AVAILABLE RECORDS below:

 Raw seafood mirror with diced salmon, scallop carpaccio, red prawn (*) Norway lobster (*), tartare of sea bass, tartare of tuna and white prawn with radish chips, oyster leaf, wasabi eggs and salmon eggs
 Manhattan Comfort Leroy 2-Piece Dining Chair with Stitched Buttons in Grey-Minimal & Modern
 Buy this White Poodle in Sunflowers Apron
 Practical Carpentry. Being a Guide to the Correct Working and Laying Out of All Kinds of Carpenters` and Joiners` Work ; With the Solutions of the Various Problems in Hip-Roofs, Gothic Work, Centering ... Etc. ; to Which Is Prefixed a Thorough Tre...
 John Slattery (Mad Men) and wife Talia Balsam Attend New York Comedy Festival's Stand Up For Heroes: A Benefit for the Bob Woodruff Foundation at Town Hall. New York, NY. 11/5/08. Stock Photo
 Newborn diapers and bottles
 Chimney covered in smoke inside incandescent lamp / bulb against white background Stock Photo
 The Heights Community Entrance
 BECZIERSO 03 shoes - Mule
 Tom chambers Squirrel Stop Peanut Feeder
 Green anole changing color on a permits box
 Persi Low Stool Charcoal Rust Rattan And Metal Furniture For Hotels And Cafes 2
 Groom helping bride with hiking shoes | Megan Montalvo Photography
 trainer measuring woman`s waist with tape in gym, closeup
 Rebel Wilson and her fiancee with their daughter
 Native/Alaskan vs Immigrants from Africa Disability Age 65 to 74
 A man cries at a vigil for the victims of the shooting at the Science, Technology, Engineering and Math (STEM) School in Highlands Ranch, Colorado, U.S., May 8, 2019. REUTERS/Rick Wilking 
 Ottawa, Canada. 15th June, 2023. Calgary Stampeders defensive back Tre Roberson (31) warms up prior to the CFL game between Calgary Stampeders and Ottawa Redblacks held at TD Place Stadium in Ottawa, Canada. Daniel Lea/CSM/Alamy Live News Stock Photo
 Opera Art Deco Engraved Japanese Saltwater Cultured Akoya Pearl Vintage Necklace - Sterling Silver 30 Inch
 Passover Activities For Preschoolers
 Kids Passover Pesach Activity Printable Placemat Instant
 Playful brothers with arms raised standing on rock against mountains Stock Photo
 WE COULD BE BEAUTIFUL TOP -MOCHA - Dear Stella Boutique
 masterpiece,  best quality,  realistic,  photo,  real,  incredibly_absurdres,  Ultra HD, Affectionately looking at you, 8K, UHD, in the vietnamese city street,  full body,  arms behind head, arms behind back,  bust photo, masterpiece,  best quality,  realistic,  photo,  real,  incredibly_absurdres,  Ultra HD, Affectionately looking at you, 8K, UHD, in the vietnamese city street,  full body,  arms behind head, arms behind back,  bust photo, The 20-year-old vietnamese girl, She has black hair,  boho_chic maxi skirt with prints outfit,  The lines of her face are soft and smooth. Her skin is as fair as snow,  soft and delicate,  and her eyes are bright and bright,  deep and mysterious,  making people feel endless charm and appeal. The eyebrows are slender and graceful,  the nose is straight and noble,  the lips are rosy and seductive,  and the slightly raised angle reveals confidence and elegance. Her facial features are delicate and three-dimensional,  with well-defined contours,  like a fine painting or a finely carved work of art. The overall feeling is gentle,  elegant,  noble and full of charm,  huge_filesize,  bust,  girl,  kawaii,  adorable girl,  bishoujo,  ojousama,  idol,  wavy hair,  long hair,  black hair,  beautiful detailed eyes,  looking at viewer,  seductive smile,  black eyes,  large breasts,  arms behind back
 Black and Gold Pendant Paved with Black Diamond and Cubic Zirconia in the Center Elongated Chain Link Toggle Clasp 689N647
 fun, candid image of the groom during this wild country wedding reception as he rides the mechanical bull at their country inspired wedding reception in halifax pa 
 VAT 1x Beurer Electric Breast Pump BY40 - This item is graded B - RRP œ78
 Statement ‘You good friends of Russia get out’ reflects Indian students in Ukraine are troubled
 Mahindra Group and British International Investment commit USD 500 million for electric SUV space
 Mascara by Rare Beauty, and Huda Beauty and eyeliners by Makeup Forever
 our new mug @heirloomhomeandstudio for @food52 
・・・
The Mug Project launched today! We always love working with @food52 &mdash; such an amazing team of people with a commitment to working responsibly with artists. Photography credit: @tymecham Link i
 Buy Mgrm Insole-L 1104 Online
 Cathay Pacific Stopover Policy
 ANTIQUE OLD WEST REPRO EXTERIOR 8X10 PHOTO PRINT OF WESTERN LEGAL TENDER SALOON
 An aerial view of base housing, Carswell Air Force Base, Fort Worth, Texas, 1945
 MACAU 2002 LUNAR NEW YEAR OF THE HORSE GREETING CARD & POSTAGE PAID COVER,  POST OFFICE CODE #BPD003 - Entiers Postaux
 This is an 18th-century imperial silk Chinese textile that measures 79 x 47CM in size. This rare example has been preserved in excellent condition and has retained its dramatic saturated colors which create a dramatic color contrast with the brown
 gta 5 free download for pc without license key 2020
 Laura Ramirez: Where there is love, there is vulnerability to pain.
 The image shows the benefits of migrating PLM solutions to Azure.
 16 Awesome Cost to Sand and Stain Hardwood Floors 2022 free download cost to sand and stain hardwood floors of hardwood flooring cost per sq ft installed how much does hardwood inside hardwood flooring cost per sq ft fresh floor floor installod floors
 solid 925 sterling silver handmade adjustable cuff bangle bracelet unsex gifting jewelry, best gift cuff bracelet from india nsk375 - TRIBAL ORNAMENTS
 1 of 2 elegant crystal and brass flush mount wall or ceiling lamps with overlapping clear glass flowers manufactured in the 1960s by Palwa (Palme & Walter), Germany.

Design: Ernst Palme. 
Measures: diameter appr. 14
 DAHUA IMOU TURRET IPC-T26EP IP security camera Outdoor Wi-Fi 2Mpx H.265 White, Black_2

End of AVAILABLE RECORDS.

# [PROBLEM STATEMENT]
Write out the records once more, precisely as they stand.

# [SOLVED PROBLEM]
 Raw seafood mirror with diced salmon, scallop carpaccio, red prawn (*) Norway lobster (*), tartare of sea bass, tartare of tuna and white prawn with radish chips, oyster leaf, wasabi eggs and salmon eggs
 Manhattan Comfort Leroy 2-Piece Dining Chair with Stitched Buttons in Grey-Minimal & Modern
 Buy this White Poodle in Sunflowers Apron
 Practical Carpentry. Being a Guide to the Correct Working and Laying Out of All Kinds of Carpenters` and Joiners` Work ; With the Solutions of the Various Problems in Hip-Roofs, Gothic Work, Centering ... Etc. ; to Which Is Prefixed a Thorough Tre...
 John Slattery (Mad Men) and wife Talia Balsam Attend New York Comedy Festival's Stand Up For Heroes: A Benefit for the Bob Woodruff Foundation at Town Hall. New York, NY. 11/5/08. Stock Photo
 Newborn diapers and bottles
 Chimney covered in smoke inside incandescent lamp / bulb against white background Stock Photo
 The Heights Community Entrance
 BECZIERSO 03 shoes - Mule
 Tom chambers Squirrel Stop Peanut Feeder
 Green anole changing color on a permits box
 Persi Low Stool Charcoal Rust Rattan And Metal Furniture For Hotels And Cafes 2
 Groom helping bride with hiking shoes | Megan Montalvo Photography
 trainer measuring woman`s waist with tape in gym, closeup
 Rebel Wilson and her fiancee with their daughter
 Native/Alaskan vs Immigrants from Africa Disability Age 65 to 74
 A man cries at a vigil for the victims of the shooting at the Science, Technology, Engineering and Math (STEM) School in Highlands Ranch, Colorado, U.S., May 8, 2019. REUTERS/Rick Wilking 
 Ottawa, Canada. 15th June, 2023. Calgary Stampeders defensive back Tre Roberson (31) warms up prior to the CFL game between Calgary Stampeders and Ottawa Redblacks held at TD Place Stadium in Ottawa, Canada. Daniel Lea/CSM/Alamy Live News Stock Photo
 Opera Art Deco Engraved Japanese Saltwater Cultured Akoya Pearl Vintage Necklace - Sterling Silver 30 Inch
 Passover Activities For Preschoolers
 Kids Passover Pesach Activity Printable Placemat Instant
 Playful brothers with arms raised standing on rock against mountains Stock Photo
 WE COULD BE BEAUTIFUL TOP -MOCHA - Dear Stella Boutique
 masterpiece,  best quality,  realistic,  photo,  real,  incredibly_absurdres,  Ultra HD, Affectionately looking at you, 8K, UHD, in the vietnamese city street,  full body,  arms behind head, arms behind back,  bust photo, masterpiece,  best quality,  realistic,  photo,  real,  incredibly_absurdres,  Ultra HD, Affectionately looking at you, 8K, UHD, in the vietnamese city street,  full body,  arms behind head, arms behind back,  bust photo, The 20-year-old vietnamese girl, She has black hair,  boho_chic maxi skirt with prints outfit,  The lines of her face are soft and smooth. Her skin is as fair as snow,  soft and delicate,  and her eyes are bright and bright,  deep and mysterious,  making people feel endless charm and appeal. The eyebrows are slender and graceful,  the nose is straight and noble,  the lips are rosy and seductive,  and the slightly raised angle reveals confidence and elegance. Her facial features are delicate and three-dimensional,  with well-defined contours,  like a fine painting or a finely carved work of art. The overall feeling is gentle,  elegant,  noble and full of charm,  huge_filesize,  bust,  girl,  kawaii,  adorable girl,  bishoujo,  ojousama,  idol,  wavy hair,  long hair,  black hair,  beautiful detailed eyes,  looking at viewer,  seductive smile,  black eyes,  large breasts,  arms behind back
 Black and Gold Pendant Paved with Black Diamond and Cubic Zirconia in the Center Elongated Chain Link Toggle Clasp 689N647
 fun, candid image of the groom during this wild country wedding reception as he rides the mechanical bull at their country inspired wedding reception in halifax pa 
 VAT 1x Beurer Electric Breast Pump BY40 - This item is graded B - RRP œ78
 Statement ‘You good friends of Russia get out’ reflects Indian students in Ukraine are troubled
 Mahindra Group and British International Investment commit USD 500 million for electric SUV space
 Mascara by Rare Beauty, and Huda Beauty and eyeliners by Makeup Forever
 our new mug @heirloomhomeandstudio for @food52 
・・・
The Mug Project launched today! We always love working with @food52 &mdash; such an amazing team of people with a commitment to working responsibly with artists. Photography credit: @tymecham Link i
 Buy Mgrm Insole-L 1104 Online
 Cathay Pacific Stopover Policy
 ANTIQUE OLD WEST REPRO EXTERIOR 8X10 PHOTO PRINT OF WESTERN LEGAL TENDER SALOON
 An aerial view of base housing, Carswell Air Force Base, Fort Worth, Texas, 1945
 MACAU 2002 LUNAR NEW YEAR OF THE HORSE GREETING CARD & POSTAGE PAID COVER,  POST OFFICE CODE #BPD003 - Entiers Postaux
 This is an 18th-century imperial silk Chinese textile that measures 79 x 47CM in size. This rare example has been preserved in excellent condition and has retained its dramatic saturated colors which create a dramatic color contrast with the brown
 gta 5 free download for pc without license key 2020
 Laura Ramirez: Where there is love, there is vulnerability to pain.
 The image shows the benefits of migrating PLM solutions to Azure.
 16 Awesome Cost to Sand and Stain Hardwood Floors 2022 free download cost to sand and stain hardwood floors of hardwood flooring cost per sq ft installed how much does hardwood inside hardwood flooring cost per sq ft fresh floor floor installod floors
 solid 925 sterling silver handmade adjustable cuff bangle bracelet unsex gifting jewelry, best gift cuff bracelet from india nsk375 - TRIBAL ORNAMENTS
 1 of 2 elegant crystal and brass flush mount wall or ceiling lamps with overlapping clear glass flowers manufactured in the 1960s by Palwa (Palme & Walter), Germany.

Design: Ernst Palme. 
Measures: diameter appr. 14
 DAHUA IMOU TURRET IPC-T26EP IP security camera Outdoor Wi-Fi 2Mpx H.265 White, Black_2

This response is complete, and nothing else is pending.